Hair dryers have long been the most maligned of small appliances, with cord labels admonishing users not to use while bathing or sleeping. Underwriters Laboratories, a nonprofit that tests products and recommends safety standards for manufacturers, told The New York Times in 1988 that such tags were needed because most polled adults believed that hair dryers were safe to leave near water, even if they were plugged in, as long as they were turned off. (This is not the case.) Roughly 110 deaths and 50 injuries were reported between 1977 and 1982 as a result of consumers knocking the dryers into standing water. Thanks to the warnings and improved safety measures—like a switch cutting power once the appliance is immersed—the mortality rate of blow-dried victims fell to just one in 2000.

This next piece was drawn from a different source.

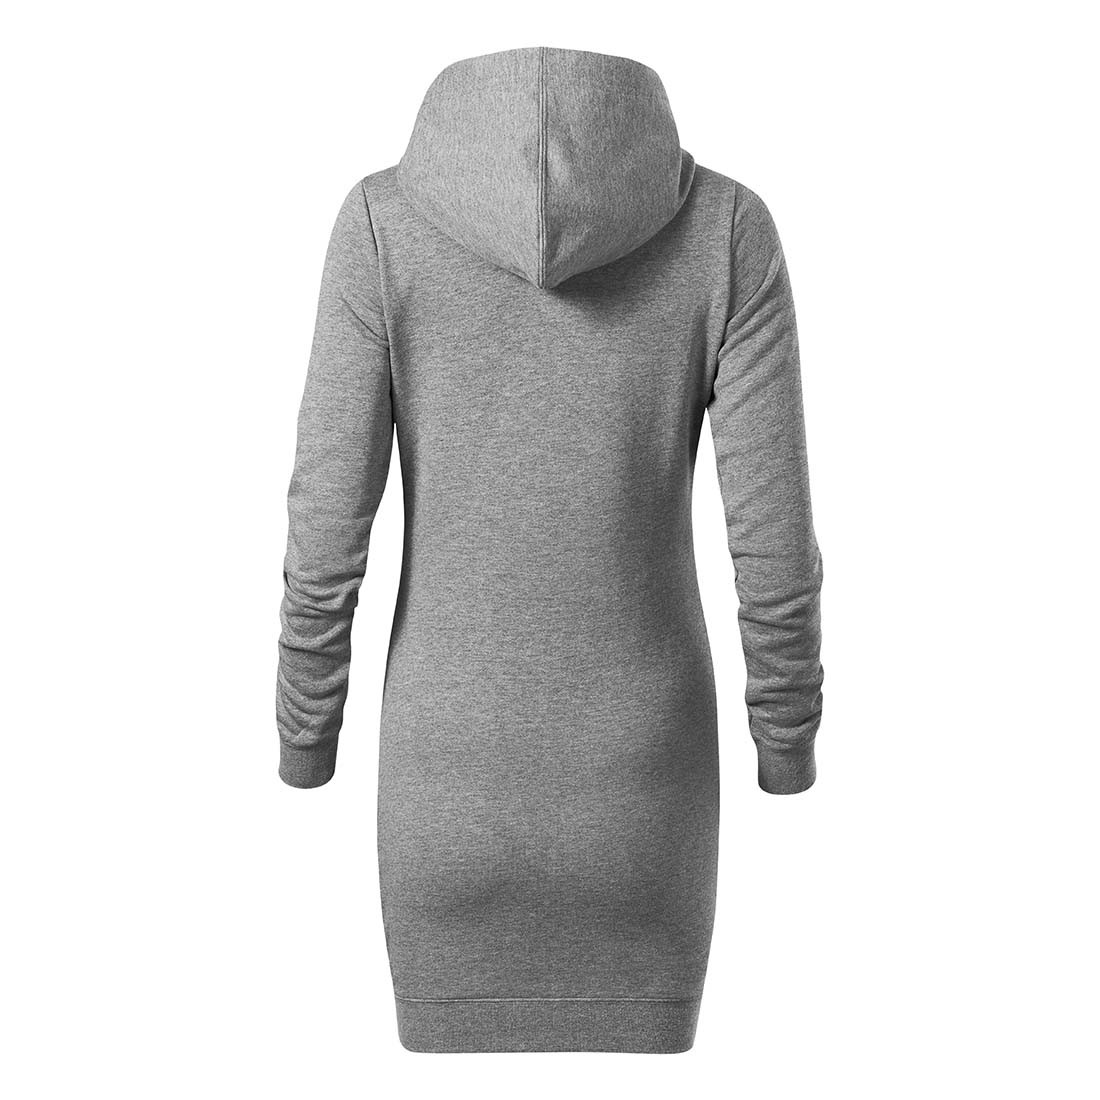 Robe femme à capuche SNAP - Les vêtements de protection

5. A FEDERAL WARNING TO STOP READING KID’S BOOKS.
The boogey-mineral of our times, lead has long occupied the attention of consumer advocate agencies. (Ingestion during childhood has been associated with neurological issues.) That concern stretched to the banning of lead in printing ink in 1986 and later extended to a nationwide word of caution from the CPSC in 2009 that librarians and parents should try to keep books printed prior to the ban out of the hands of children. Tots gumming the affected books could, conceivably, ingest the lead in the ink. The CPSC later walked back their comments, while the Centers for Disease Control estimated that a kid ingesting part of The Cat in the Hat was “like a 0.5 level of concern” on a scale of one to 10.

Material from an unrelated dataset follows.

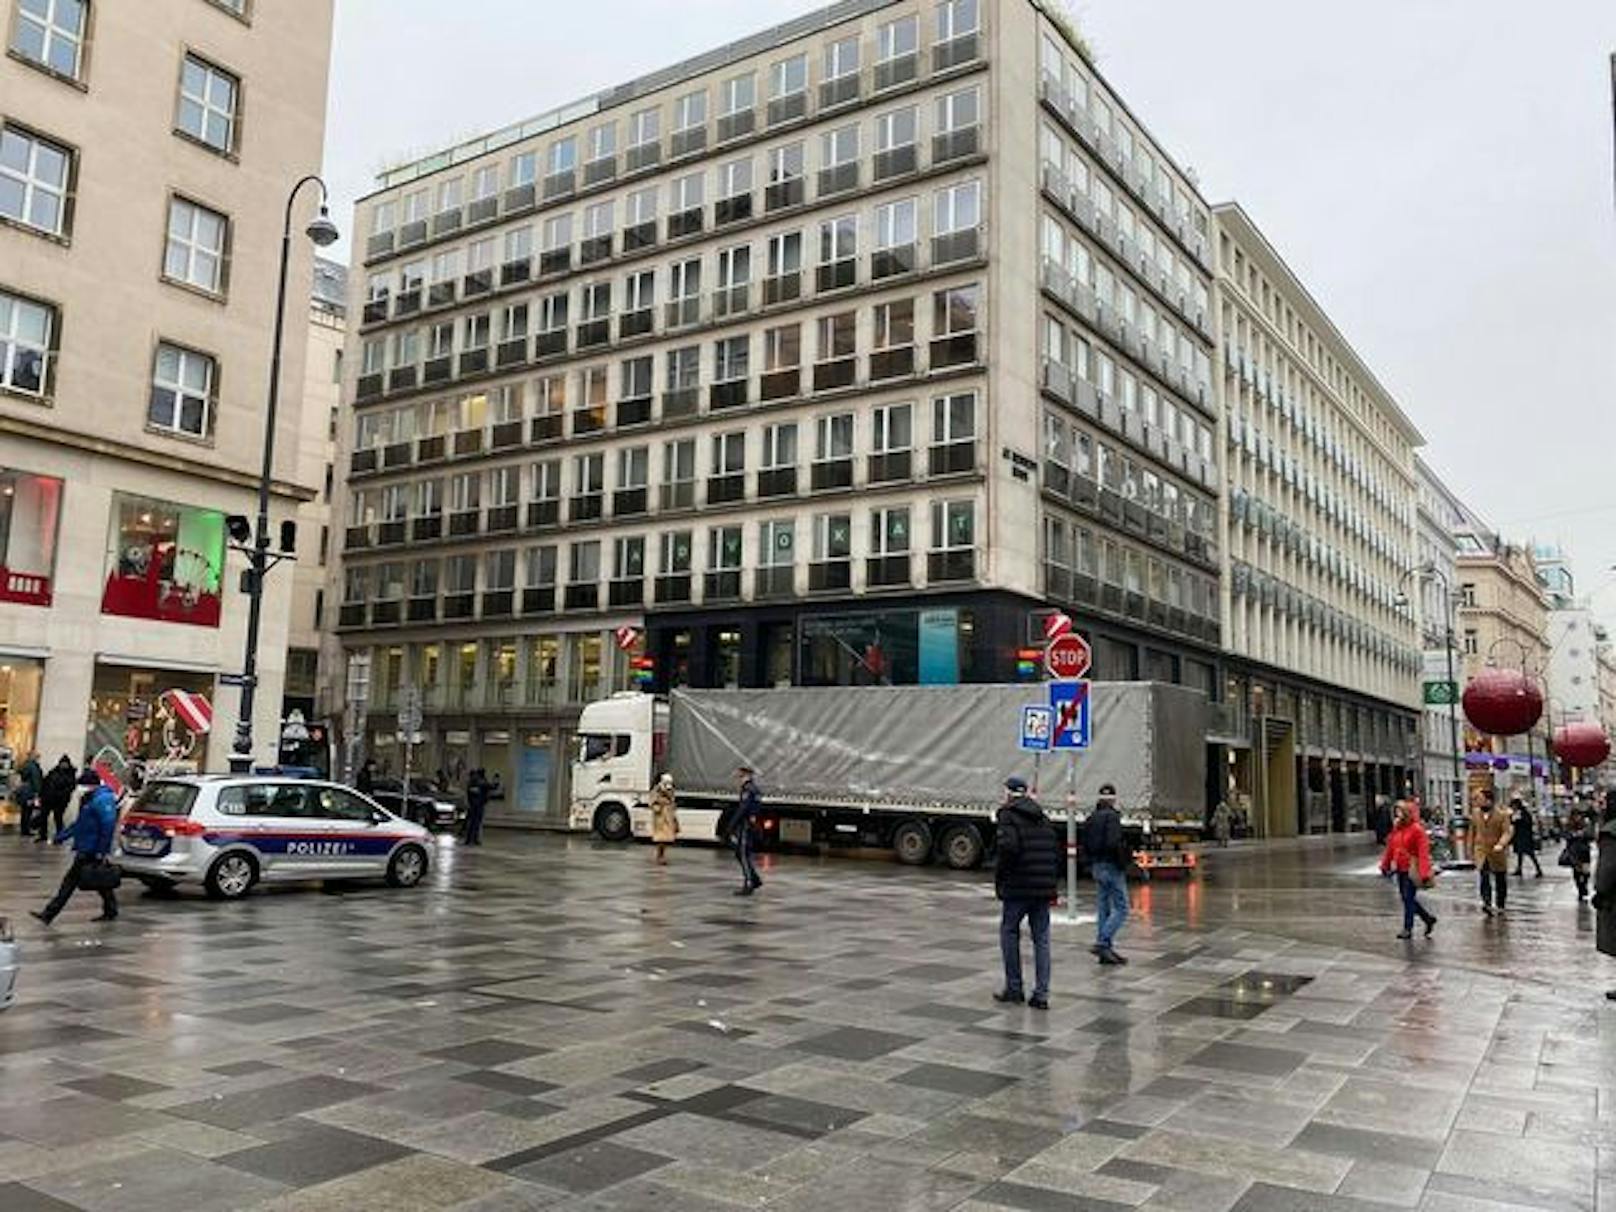 Lkw-Fahrer verirrte sich in Wiener City

6. A TOY CAPE DOES NOT ENABLE YOU TO FLY.
Children can often have a gross misunderstanding of consequences. But has a child ever been so lost in the grip of fantasy that they’ve scaled a building and jumped off on the assumption that a superhero costume would give them the ability to fly? Apparently, toy industry lawyers believed so. In 1997, The New York Times observed that a Batman play costume came with the following warning: “FOR PLAY ONLY: Mask and chest plate are not protective; cape does not enable user to fly.”
7. THE SUPER SLED THAT MAIMS.
Personal injury cases can frighten corporate attorneys to the point where they will leave nothing open to chance. While marketing their Snow Works Super Boggan sled in 1997, Empire Industries opted to put so many warning labels on the sled that they practically obscured the item itself. Among the cautions: always wear a helmet; don’t allow more than three riders; don’t ride on your stomach; avoid obstacles; don’t use near streets. Most importantly, be aware that “this product does not have brakes.” Empire Industries senior vice president Howard Younger told The New York Times that the warnings were generated after studying sled-related accident statistics.
8. THE SERIOUS RISK OF KEYBOARDS.
During the personal computing explosion of the early 1990s, consumers were apparently caught unaware of the significant health hazards posed by keyboards. Too much typing led to repetitive strain injuries and soft-tissue swelling, prompting some people to file lawsuits against manufacturers like Compaq. To stave off litigation, Compaq and Microsoft added warnings to their keyboards in 1994, directing users to review their safety and comfort instructional manual. Later, concern turned to keyboard cleaners—those cans of compressed air marketed as a way to blow out crumbs and other debris. Teenagers huffed the inhalant in a practice called “dusting,” forcing Dust-Off to increase the size of its product label warning.
In some cases, lying works just as well. When attorney Victor Schwartz was asked to try and remedy household cleaner inhalant injury claims in the 1980s, he decided not to enlarge the warning, which might make kids believe there was more propellant in the can. Instead, he directed manufacturers to say that misuse could cause facial disfigurement. Kids stopped huffing the products.